Surprising steps will soon be taken to halt and remedy man's destruction of the world's forests.

 

LIFE as we know it would be drastically different if all forests disappeared in the next 12 months. The good news is that they won't disappear in the next 12 months. But the bad news is that at the rate man's current war on trees is proceeding, the world's primary forests will not last another half century!
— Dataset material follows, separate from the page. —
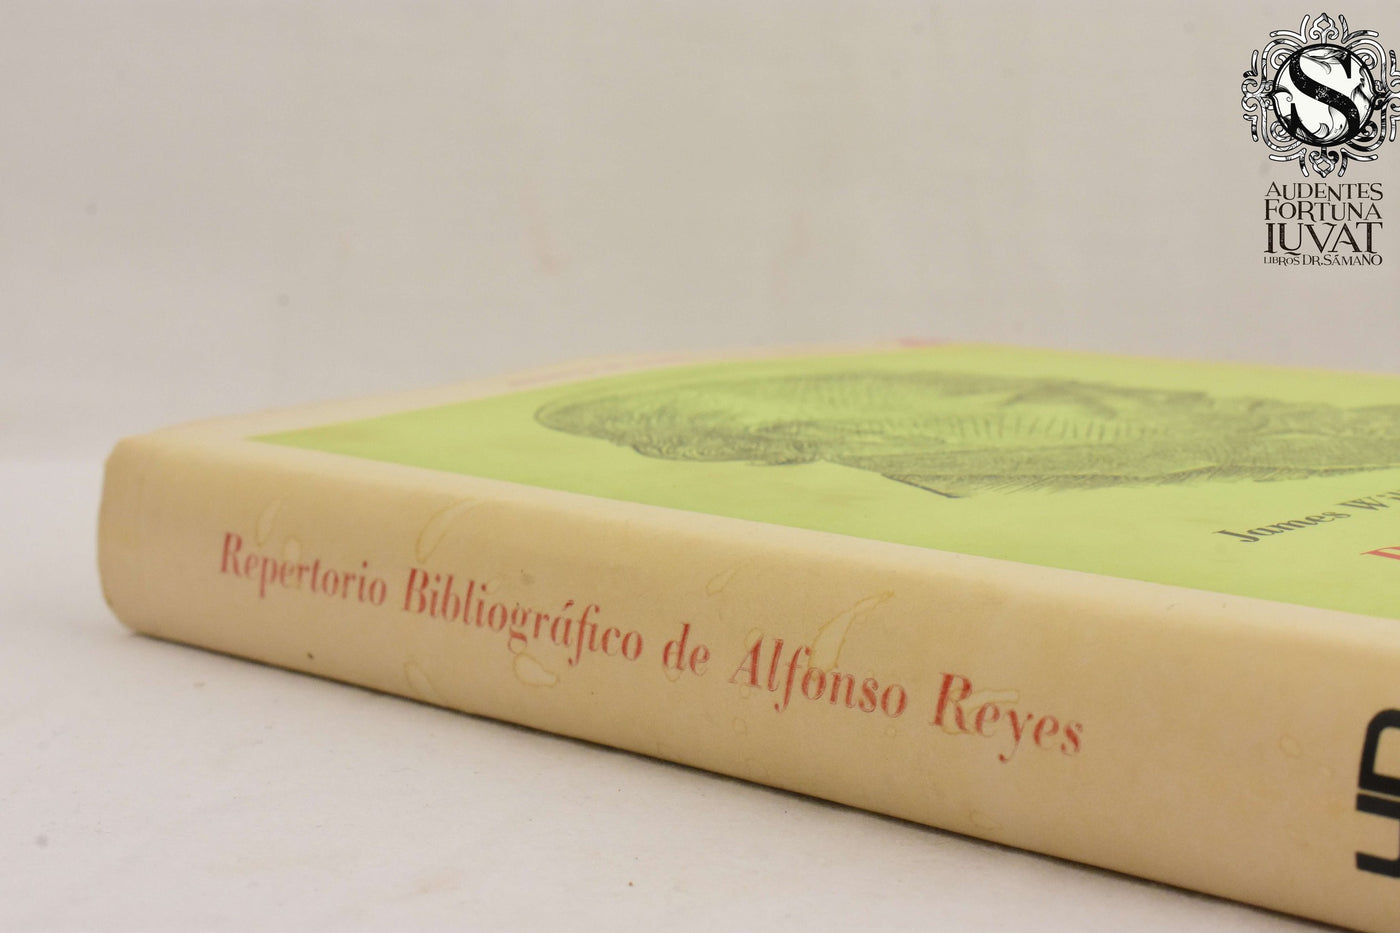 Repertorio Bibliográfico de Alfonso Reyes - JAMES WILLIS ROBB

Whether you live in a sprawling city or in a lumber camp, you are about to feel the effects of rapidly vanishing forests. You will not only pay higher prices for all the products derived from trees — including fruits and nuts. You will also feel whatever effect the destruction of forest areas will have on worldwide climate and weather patterns.

 

Who Cares?

Chances are the building you are sitting in is constructed mostly or at least in part of wood or wood products. Likewise your chair. The Sunday edition of the large metropolitan newspaper you may receive could well contain more wood pulp than many families in some nations can gather in a day's searching.

Way more than 4,000 different manufactured products in the industrial world today come wholly or in part from the forests. For example: adhesives, dyes, paints, plastics, sugars, resins, wallboard, veneers, oils, disinfectants, alcohols, toilet tissue, napkins, paper bags, drugs, corks, charcoal, soaps, roofing materials, stains, animal foods, explosives.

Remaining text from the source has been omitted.